• **WORK REQUIRED**
Give back exactly the lines of the entries below from the line with "Scott Shield Compact" to the line with "Salvatore Ferragamo Handbag", inclusive, and only those.

• **EXERCISE MATERIALS**
=== Begin Enclosure ===

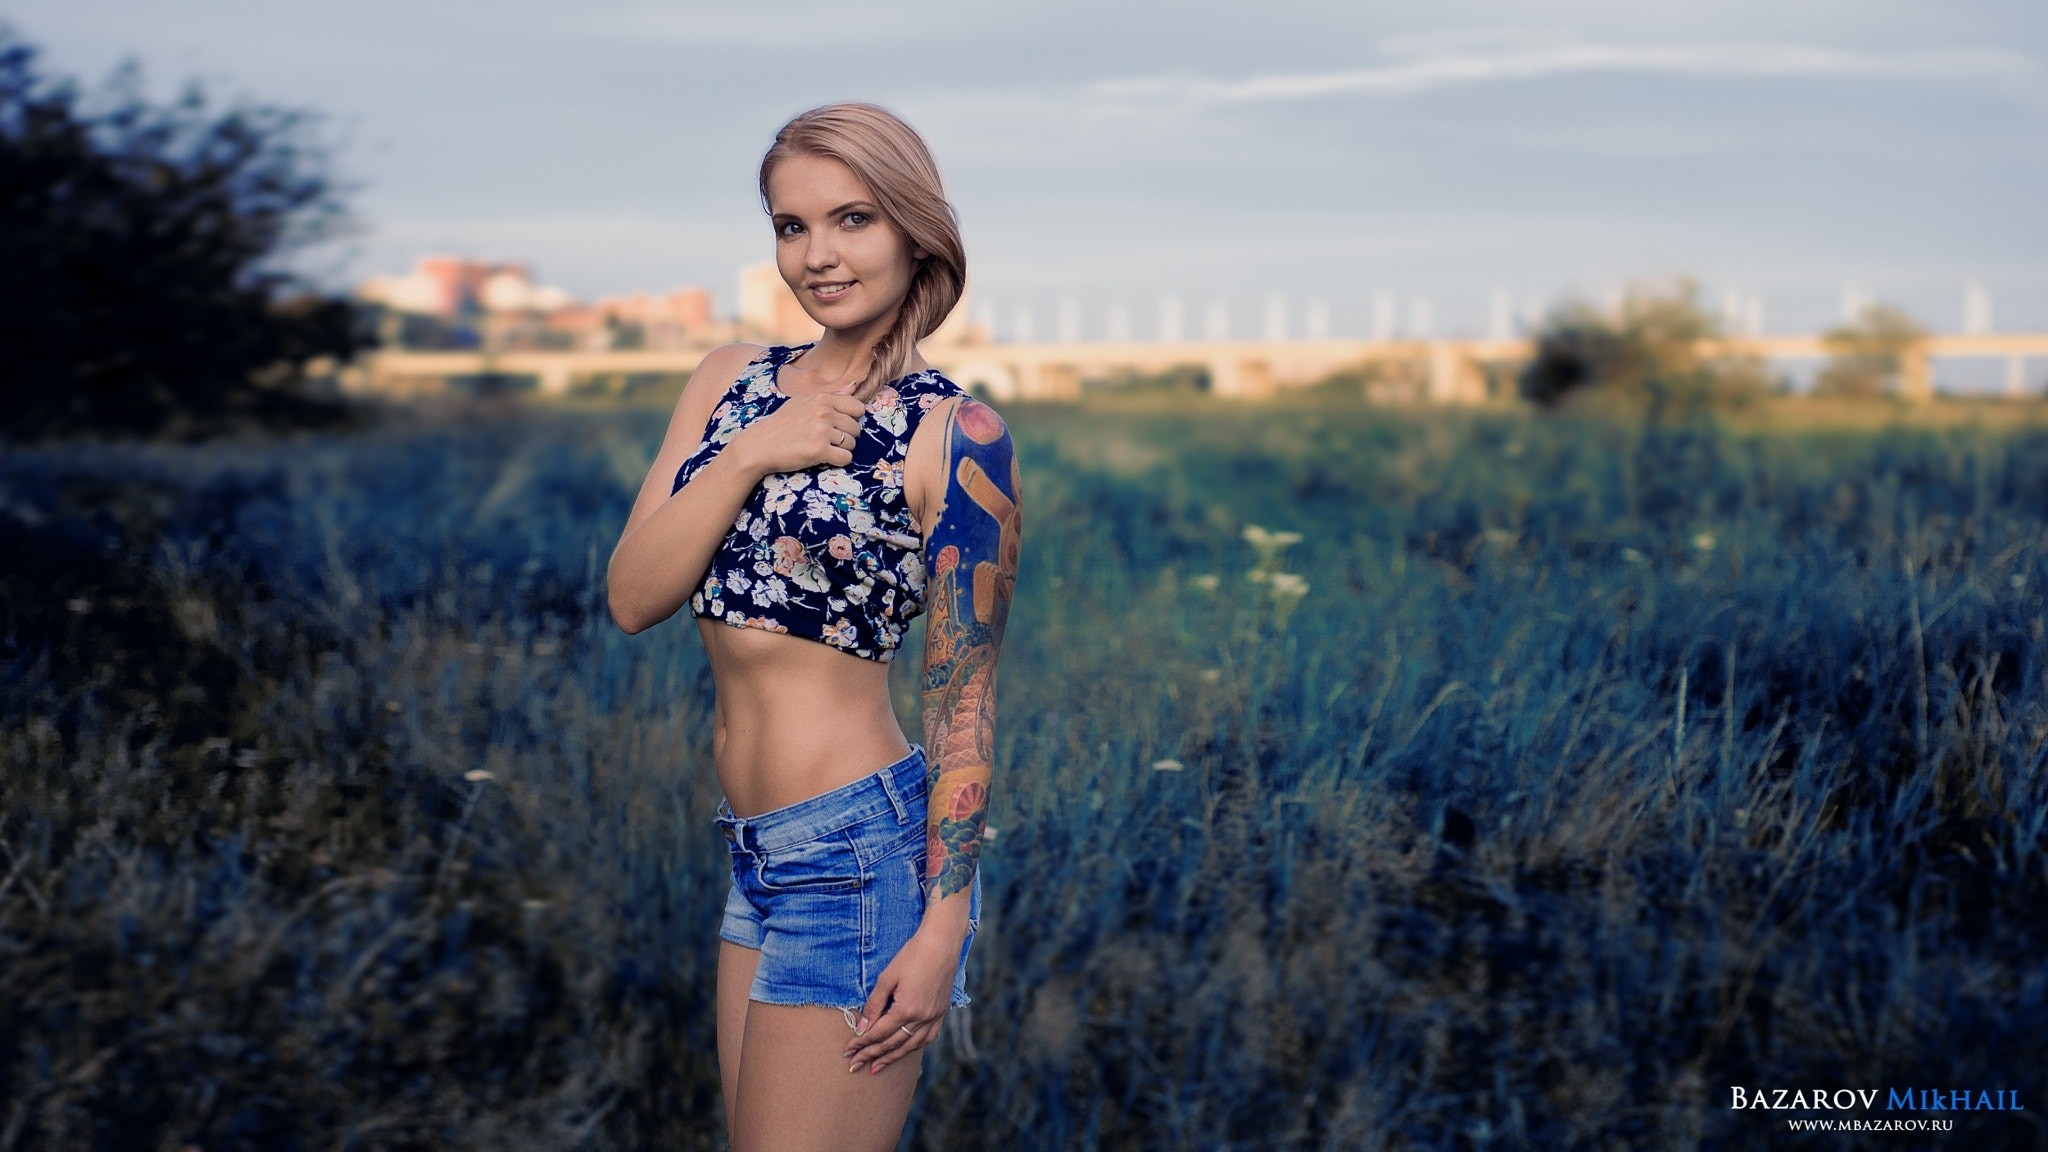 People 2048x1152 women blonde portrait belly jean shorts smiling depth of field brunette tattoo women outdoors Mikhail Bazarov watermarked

=== End Enclosure ===
=== Begin Enclosure ===

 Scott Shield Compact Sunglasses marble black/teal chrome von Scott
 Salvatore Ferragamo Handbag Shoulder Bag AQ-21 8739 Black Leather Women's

=== End Enclosure ===
=== Begin Enclosure ===

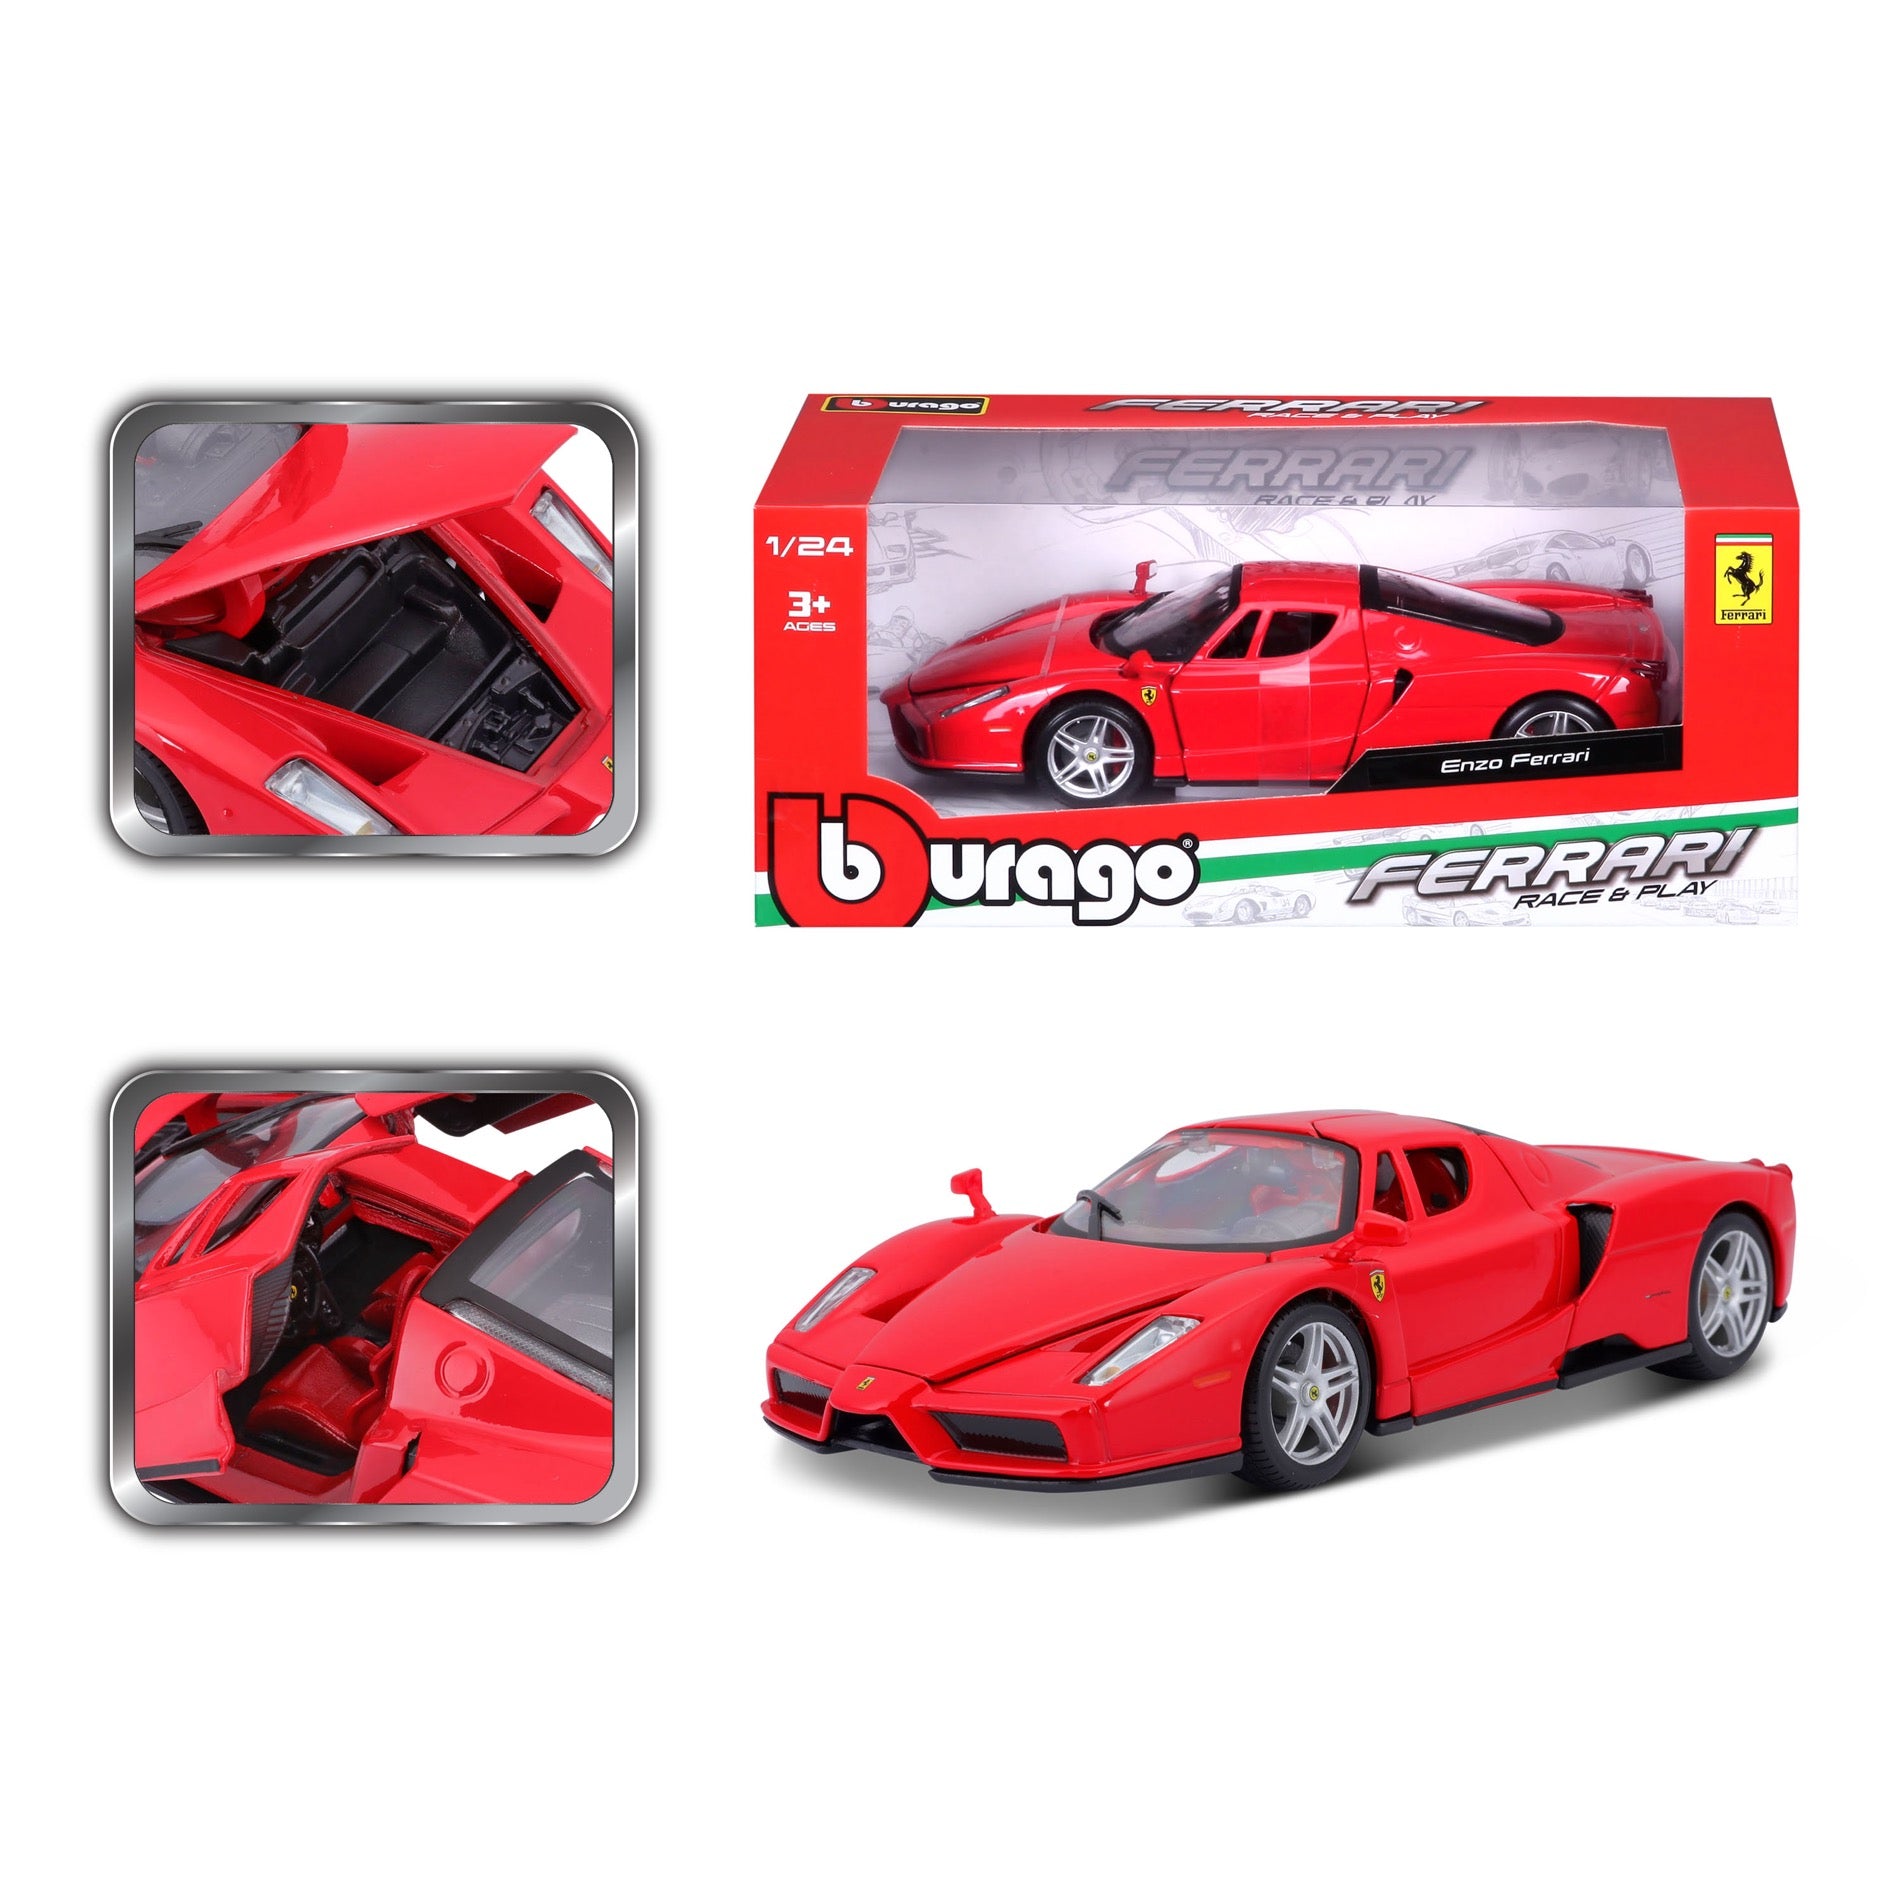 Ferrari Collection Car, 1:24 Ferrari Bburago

=== End Enclosure ===

• **SOLUTION**
 Scott Shield Compact Sunglasses marble black/teal chrome von Scott
 Salvatore Ferragamo Handbag Shoulder Bag AQ-21 8739 Black Leather Women's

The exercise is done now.